(Beginning of The data)
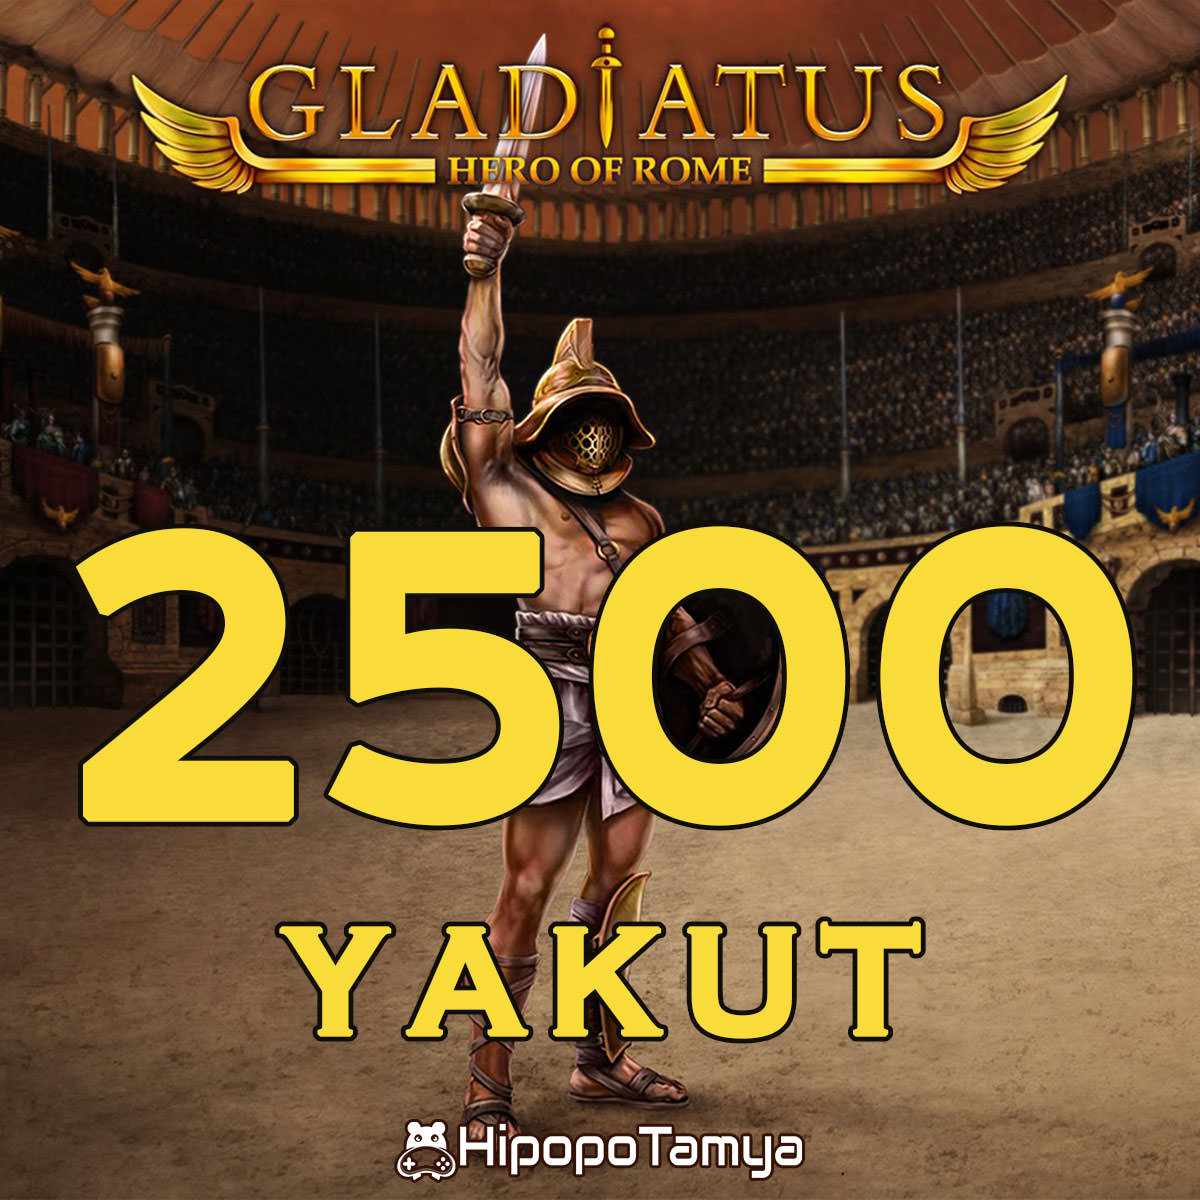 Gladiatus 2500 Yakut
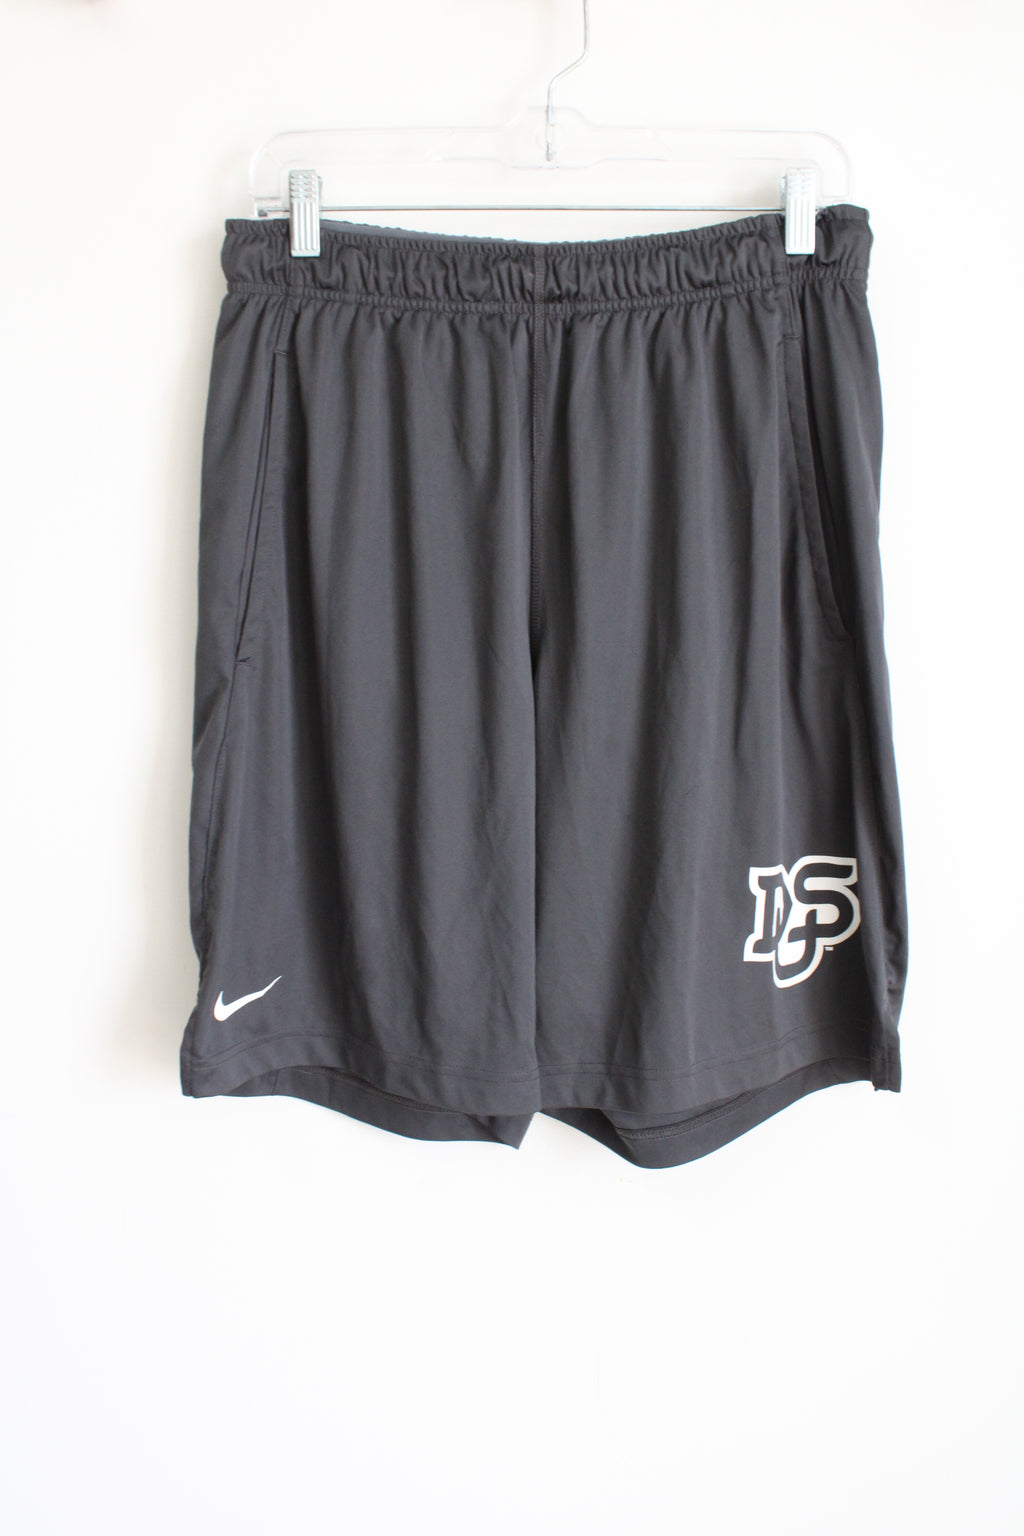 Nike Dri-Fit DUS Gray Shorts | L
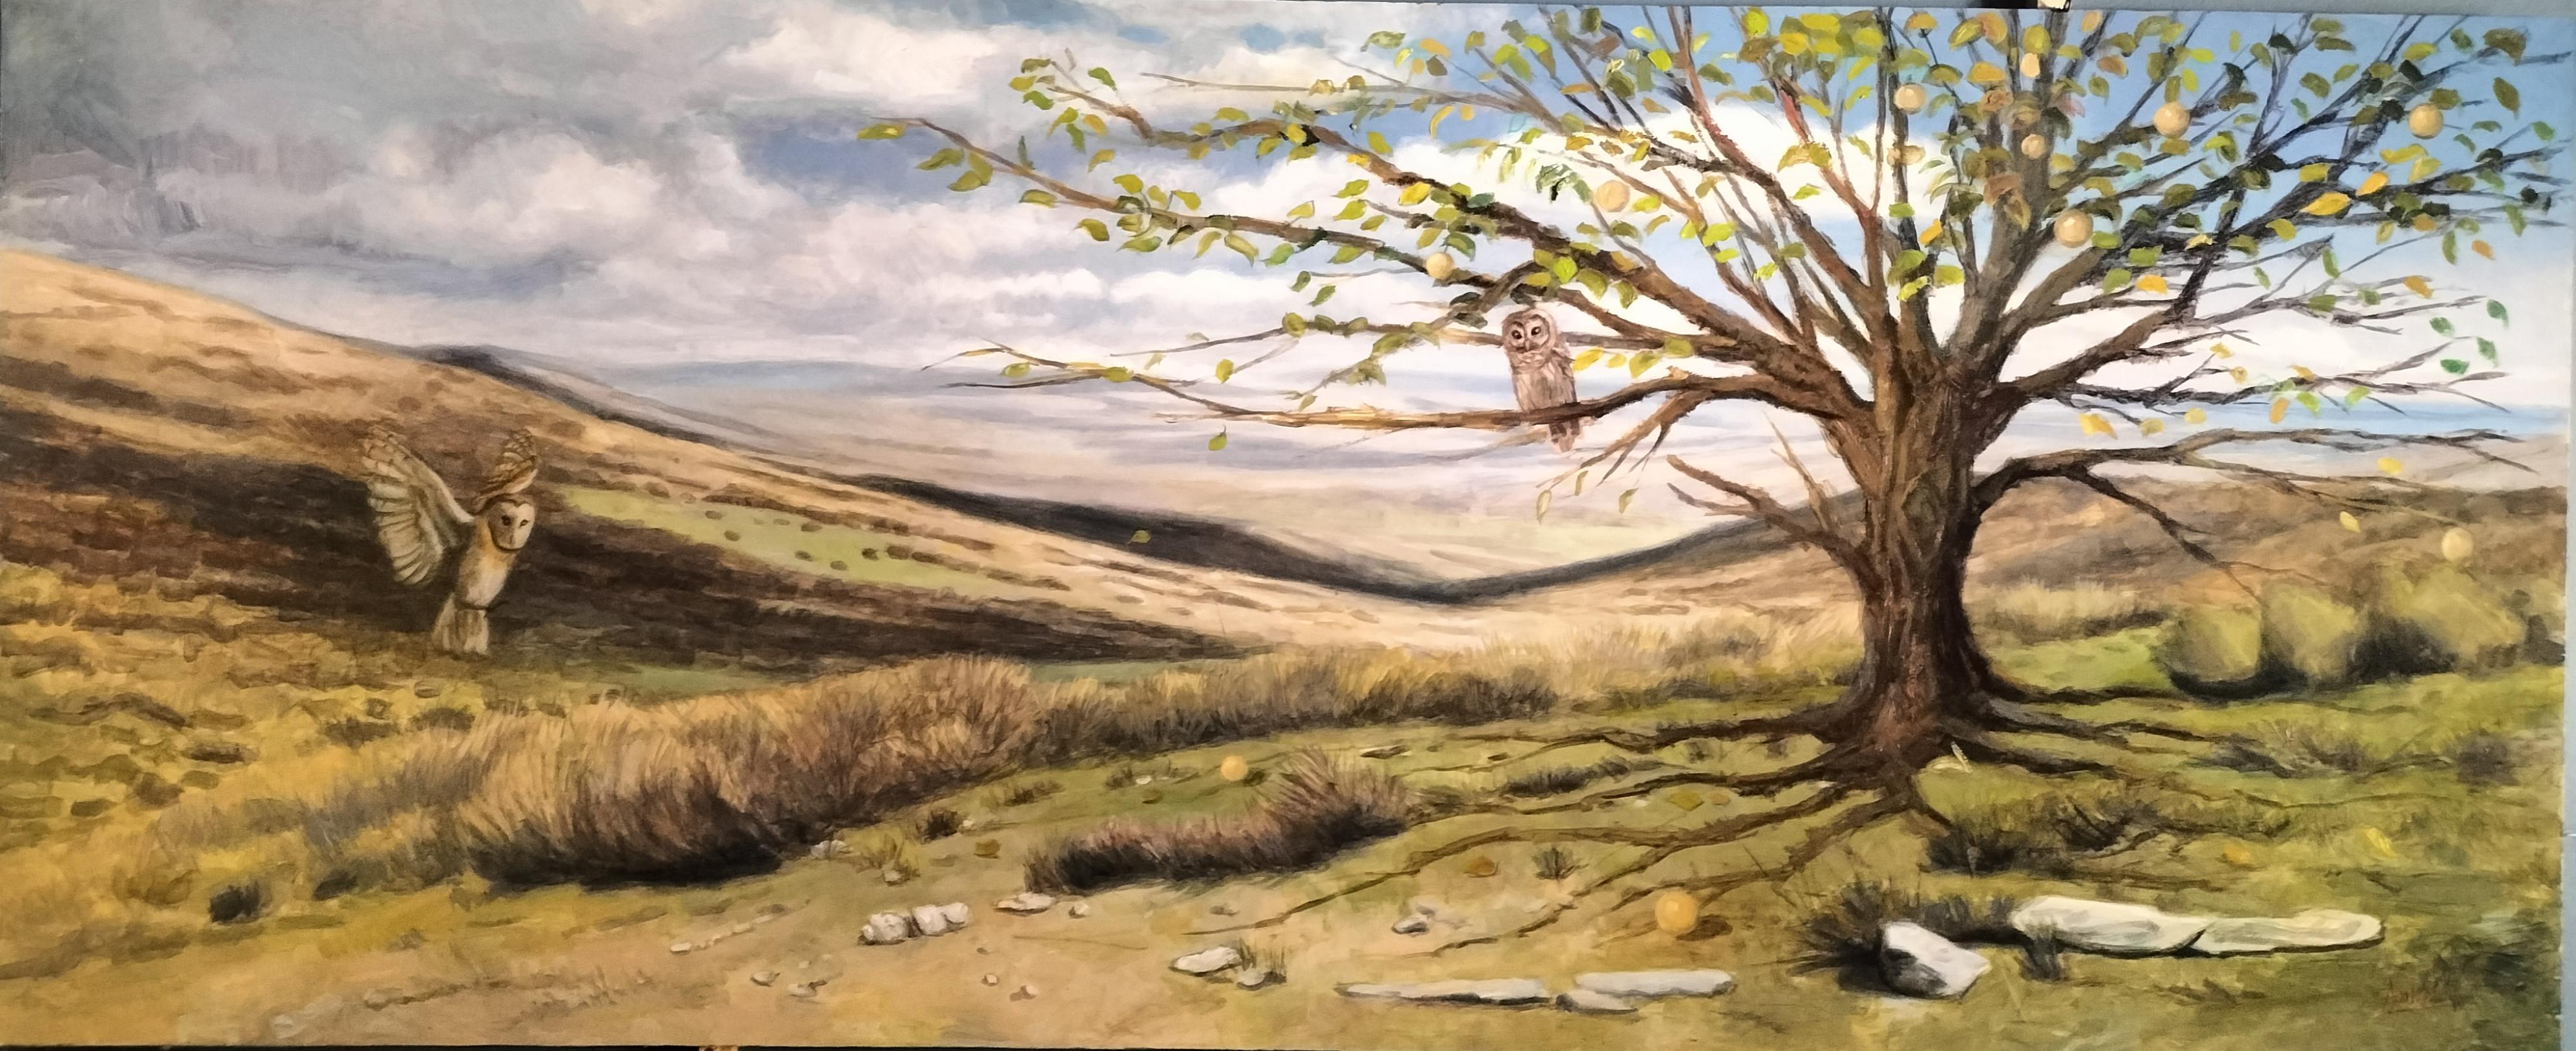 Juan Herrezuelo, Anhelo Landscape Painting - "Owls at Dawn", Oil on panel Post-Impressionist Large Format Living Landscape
(End of The data)
**What is expected:** Without including any picture, copy the listing above exactly and in full.

**Answer for this exercise:**
 Gladiatus 2500 Yakut
 Nike Dri-Fit DUS Gray Shorts | L
 Juan Herrezuelo, Anhelo Landscape Painting - "Owls at Dawn", Oil on panel Post-Impressionist Large Format Living Landscape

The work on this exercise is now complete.